| What to produce |
Everything in the listing below needs restating exactly, apart from the pictures.

| Source material |

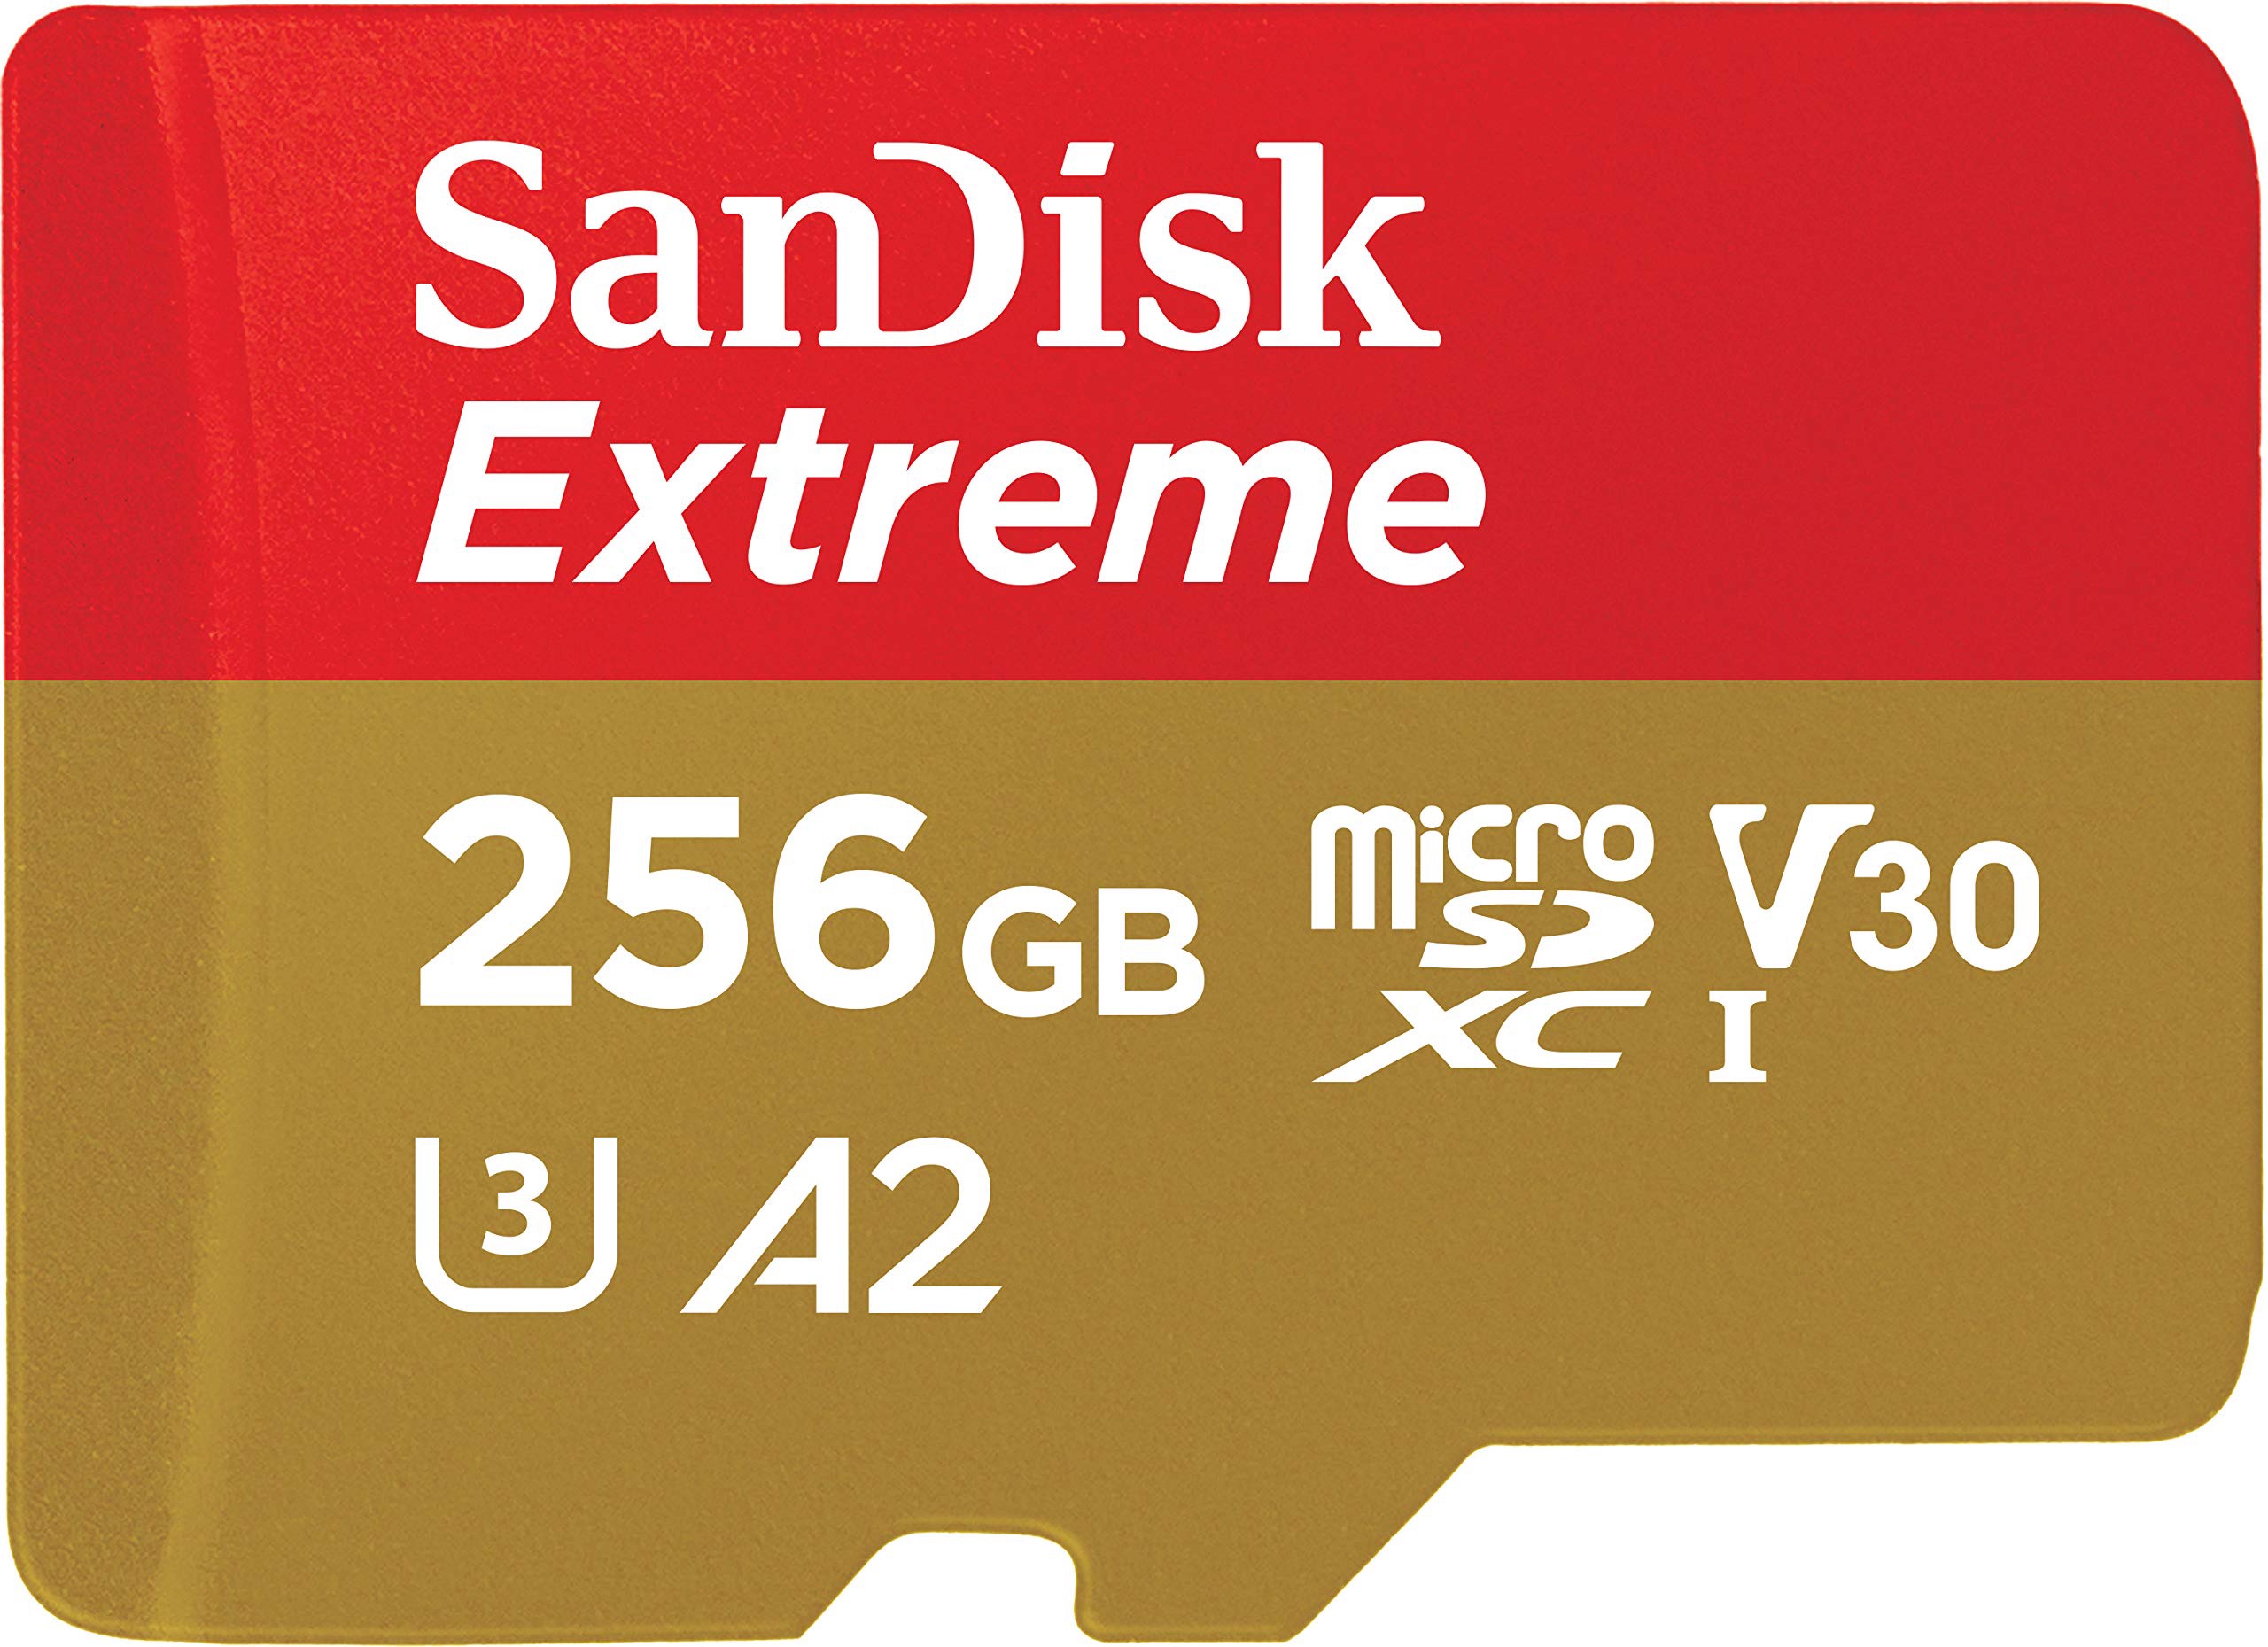 Amazon.com: SanDisk 256GB Extreme MicroSDXC UHS-I Memory Card with Adapter - C10, U3, V30, 4K, A2, Micro SD - SDSQXA1-256G-GN6MA: Computers & Accessories内存卡
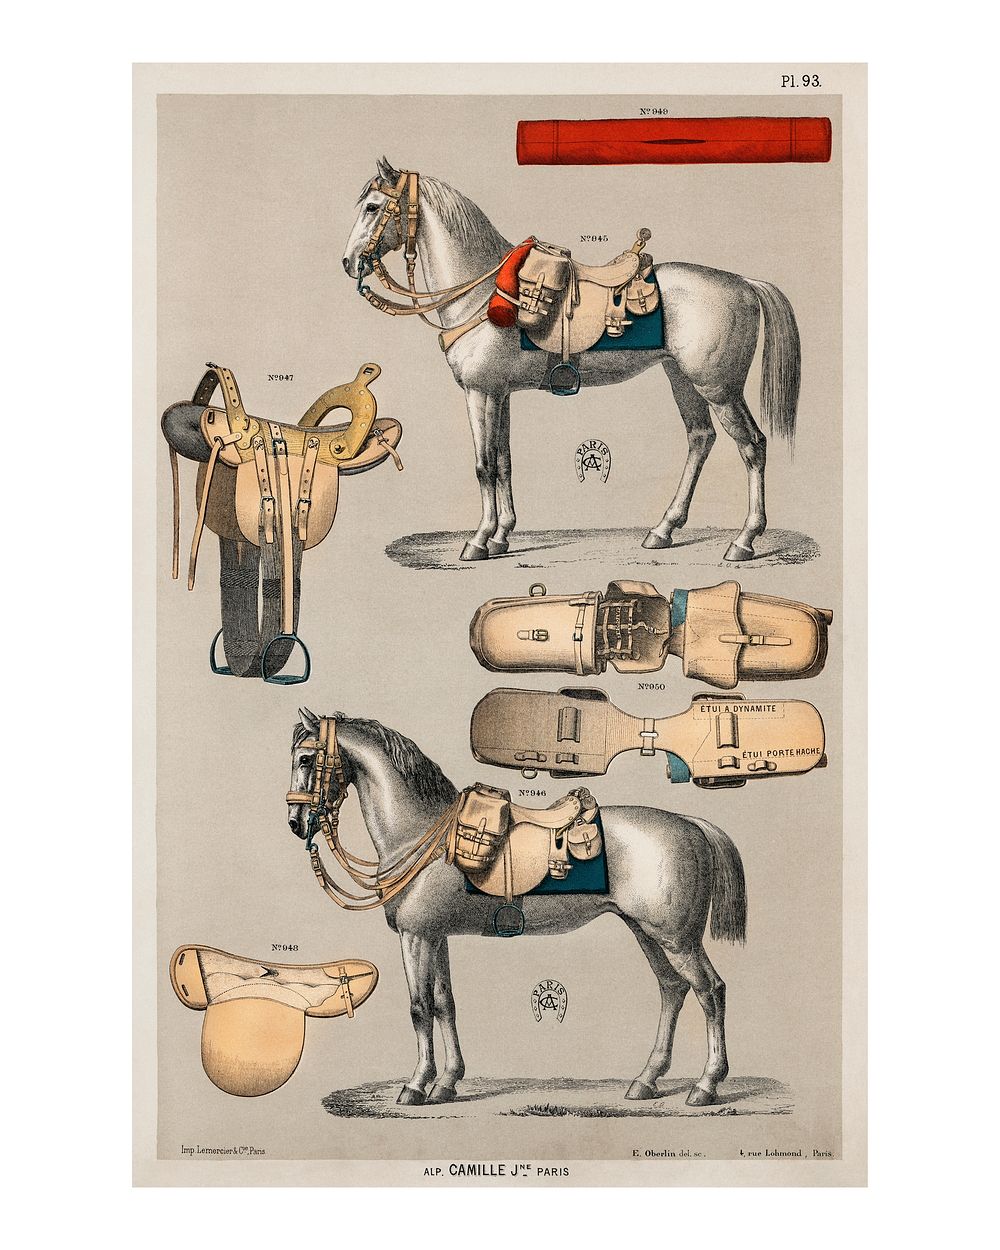 Horses with antique horseback riding equipments illustration wall art print and poster design remix from original artwork.
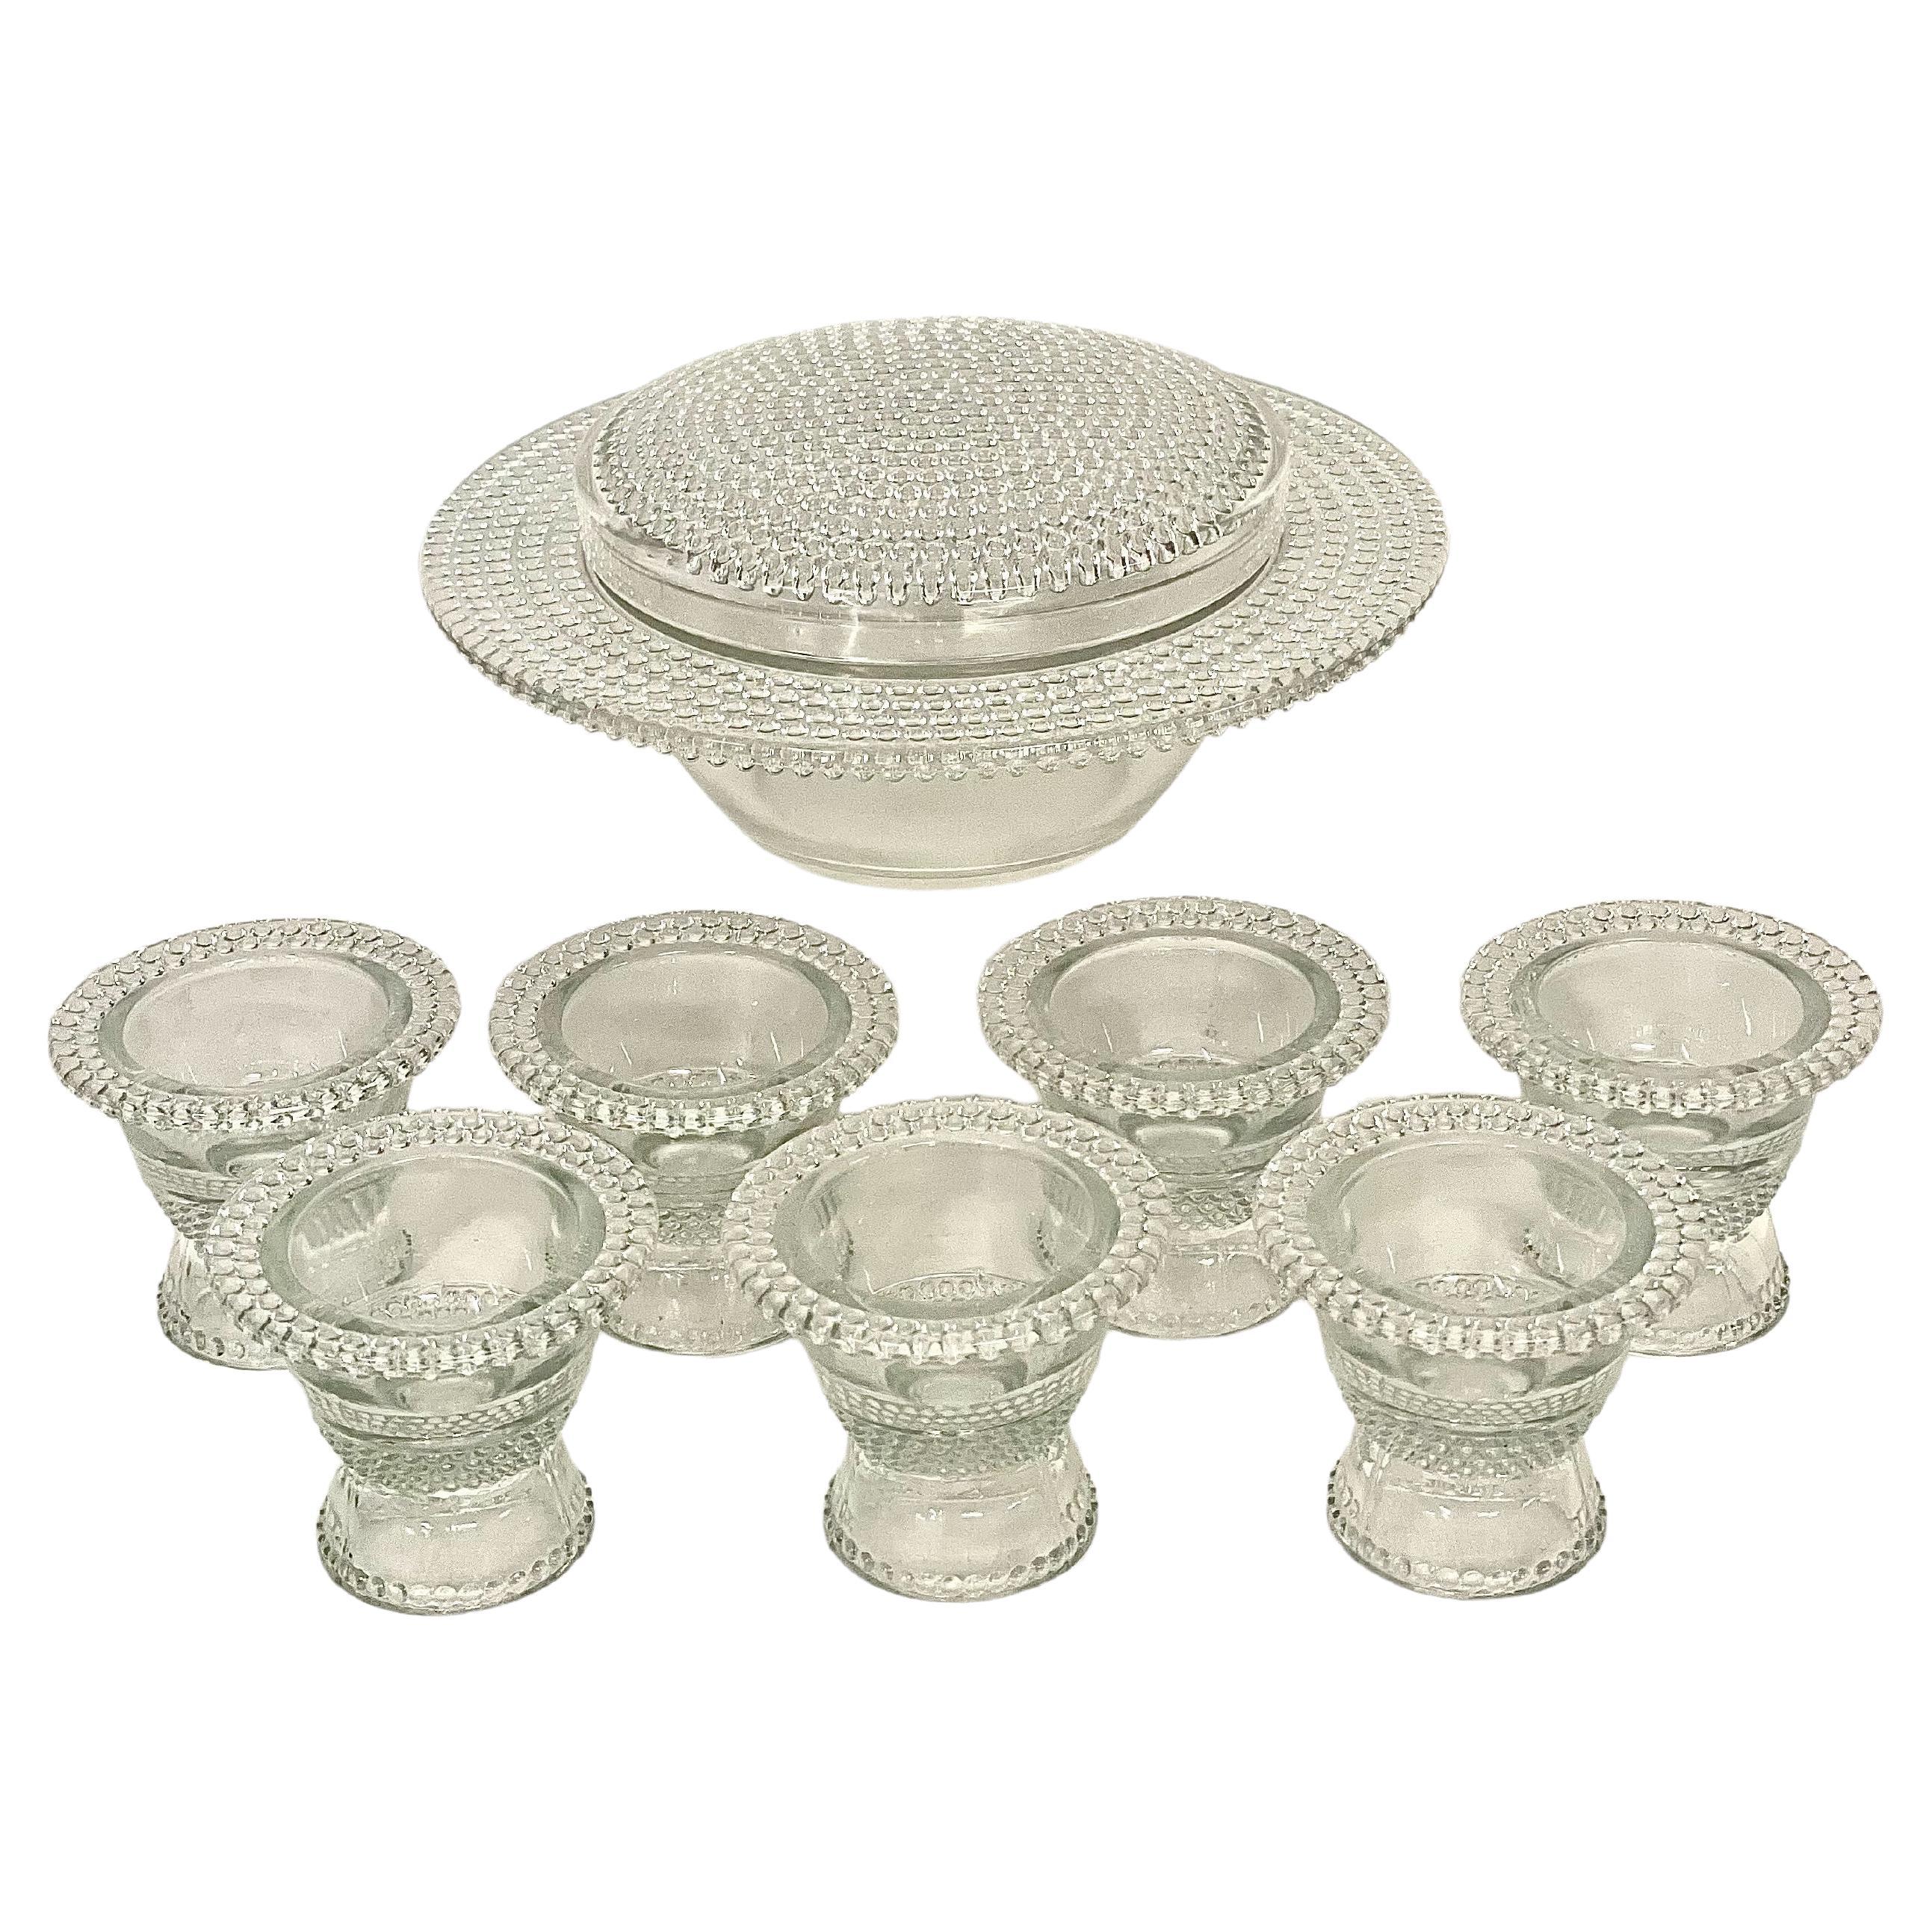 French René Lalique Nippon Breakfast Service of 8 Pieces

| Solution below |
 Amazon.com: SanDisk 256GB Extreme MicroSDXC UHS-I Memory Card with Adapter - C10, U3, V30, 4K, A2, Micro SD - SDSQXA1-256G-GN6MA: Computers & Accessories内存卡
 Horses with antique horseback riding equipments illustration wall art print and poster design remix from original artwork.
 French René Lalique Nippon Breakfast Service of 8 Pieces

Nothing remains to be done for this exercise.